* [Task prompt]: Starting at the line with "Becoming Jewelry&#39;s Irish" and ending at the line with "Hong Kong, China.", print exactly the lines of the entries below. Pictures do not belong in the copy.

* [Data provided]:

══════

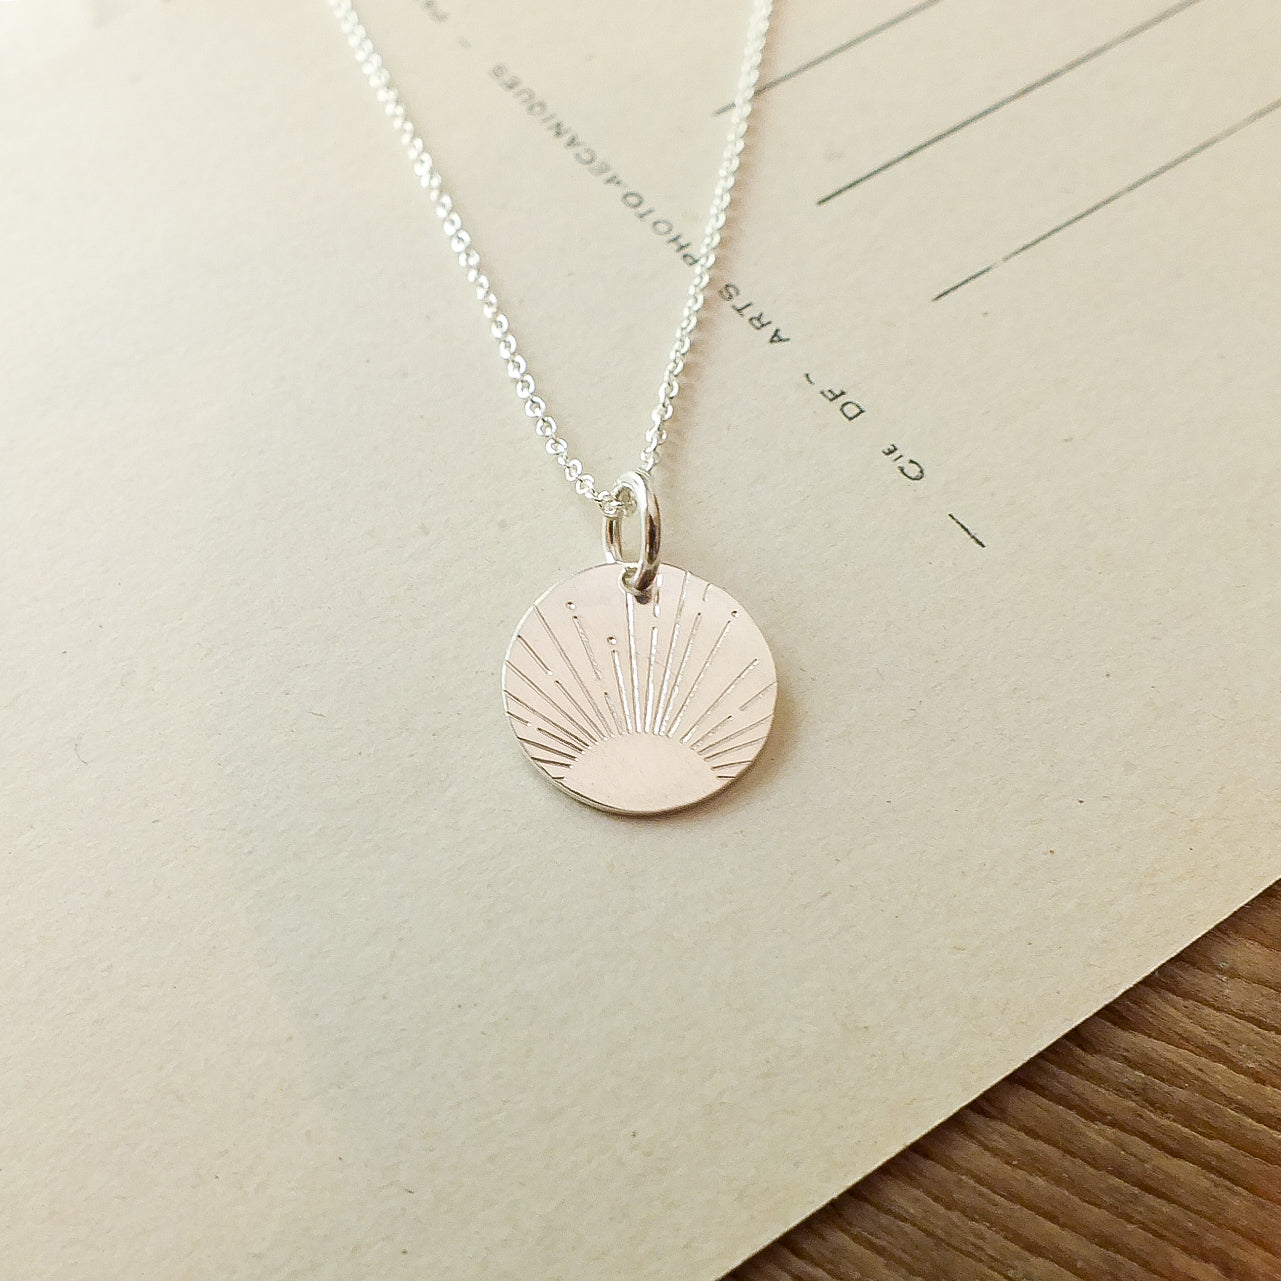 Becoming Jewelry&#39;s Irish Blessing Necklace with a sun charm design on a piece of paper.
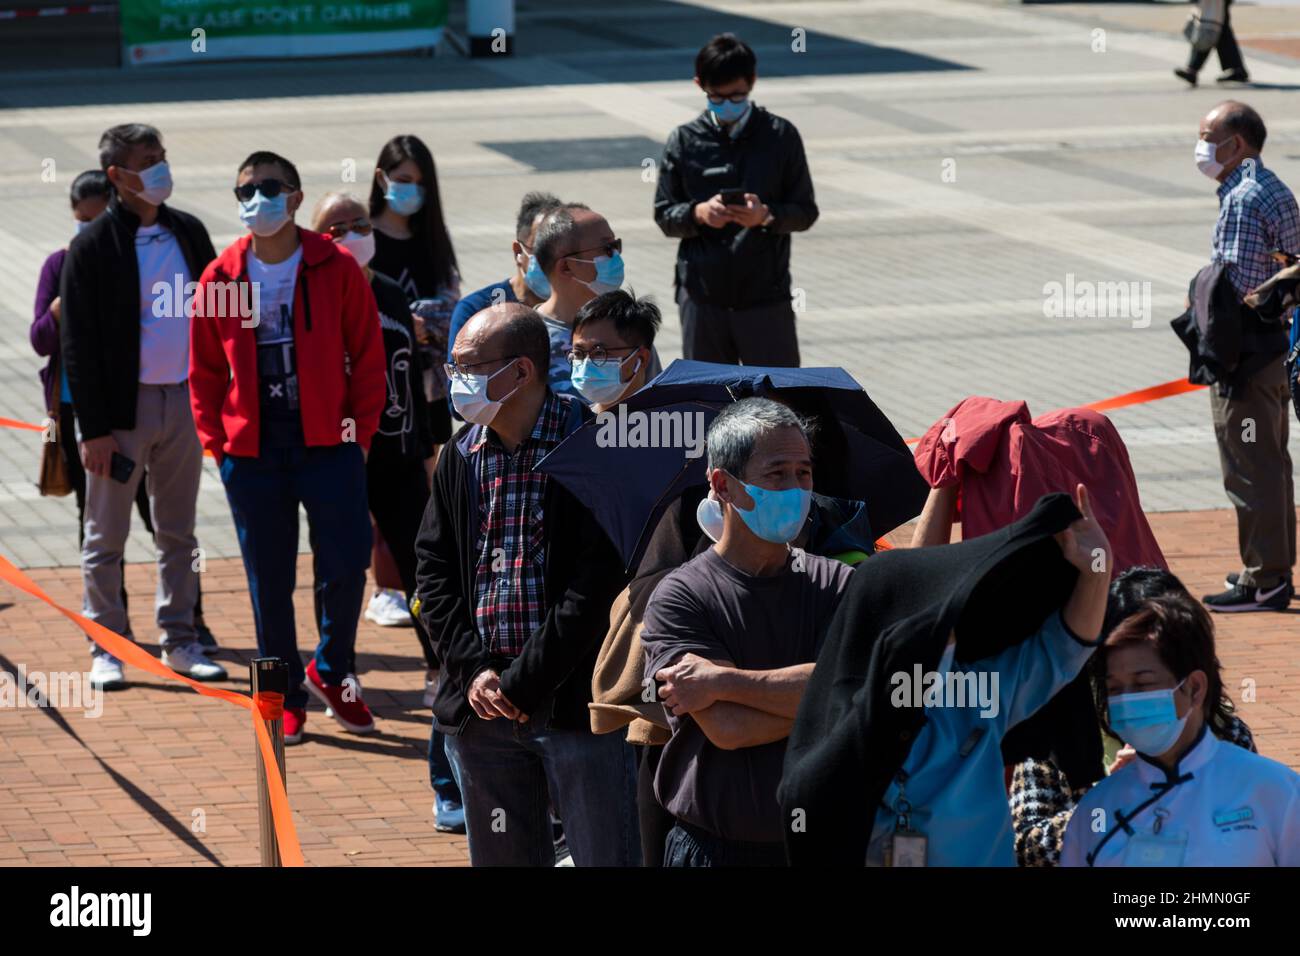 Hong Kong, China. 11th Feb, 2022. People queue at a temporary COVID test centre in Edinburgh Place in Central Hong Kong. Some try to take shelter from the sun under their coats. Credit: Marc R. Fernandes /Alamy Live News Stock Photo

══════

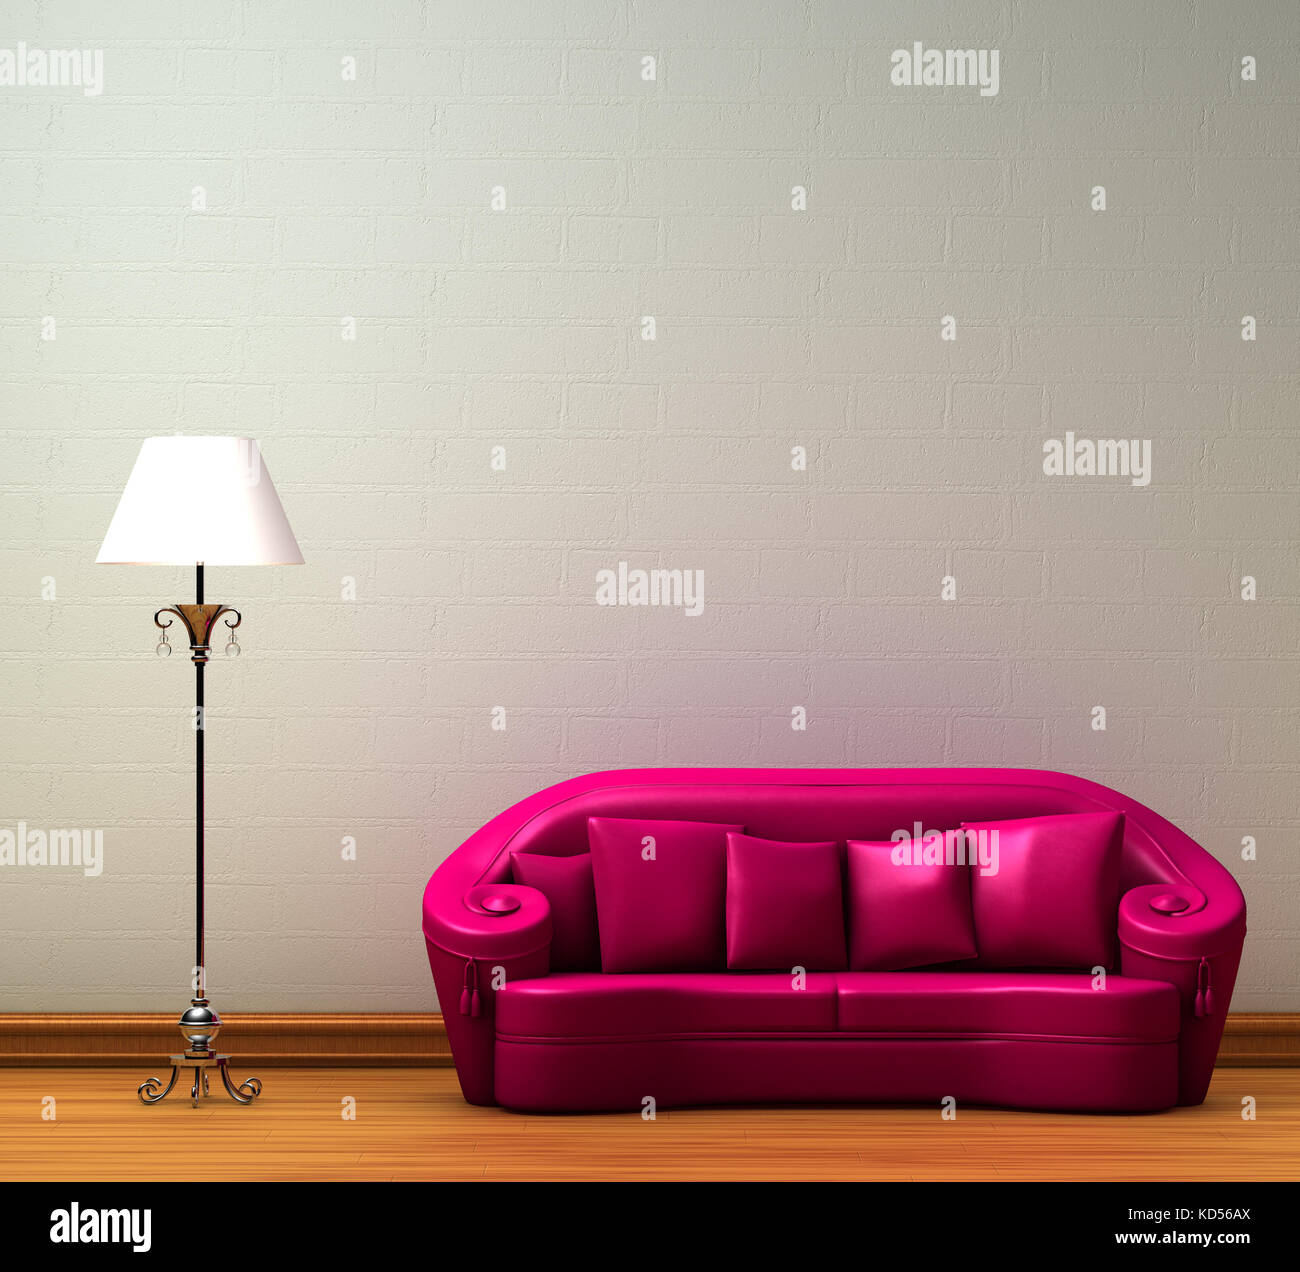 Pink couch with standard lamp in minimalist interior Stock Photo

══════

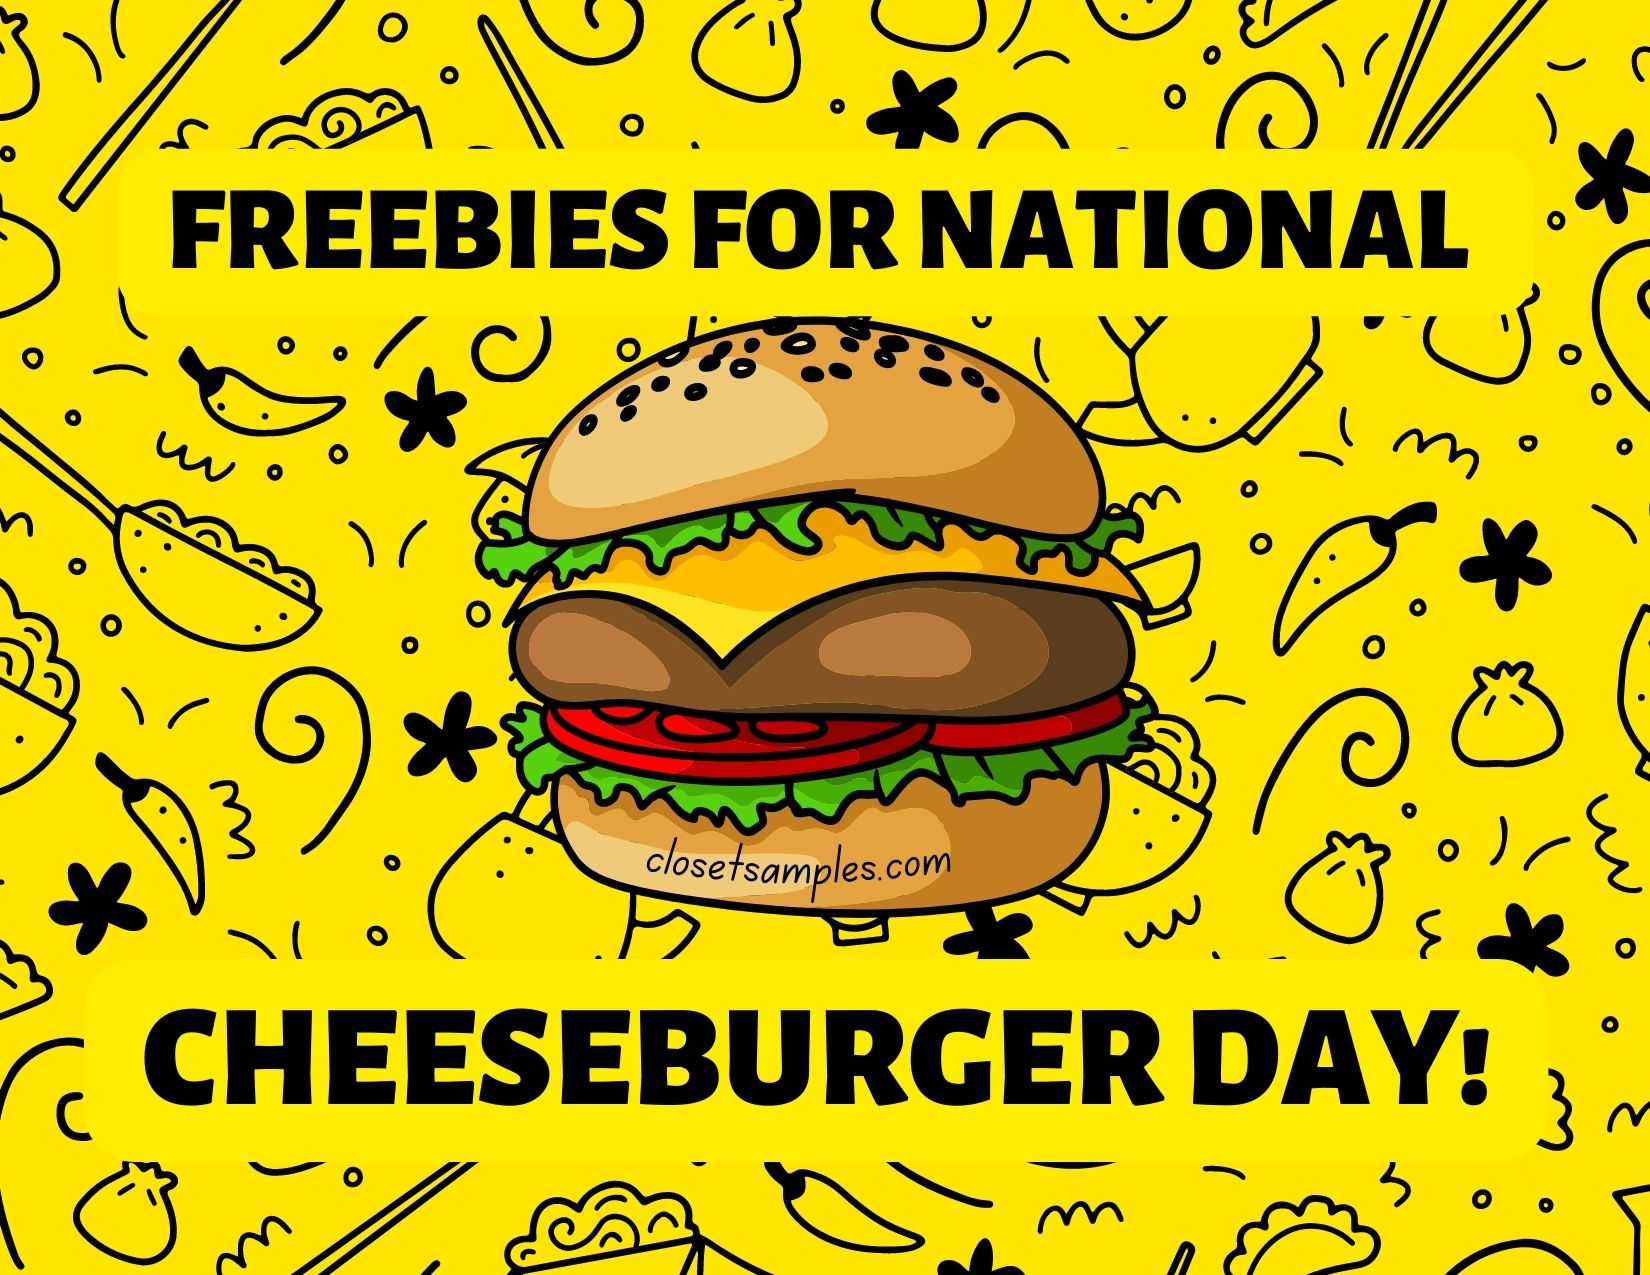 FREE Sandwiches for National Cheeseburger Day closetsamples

══════

* [Output of the exercise]:
 Becoming Jewelry&#39;s Irish Blessing Necklace with a sun charm design on a piece of paper.
 Hong Kong, China. 11th Feb, 2022. People queue at a temporary COVID test centre in Edinburgh Place in Central Hong Kong. Some try to take shelter from the sun under their coats. Credit: Marc R. Fernandes /Alamy Live News Stock Photo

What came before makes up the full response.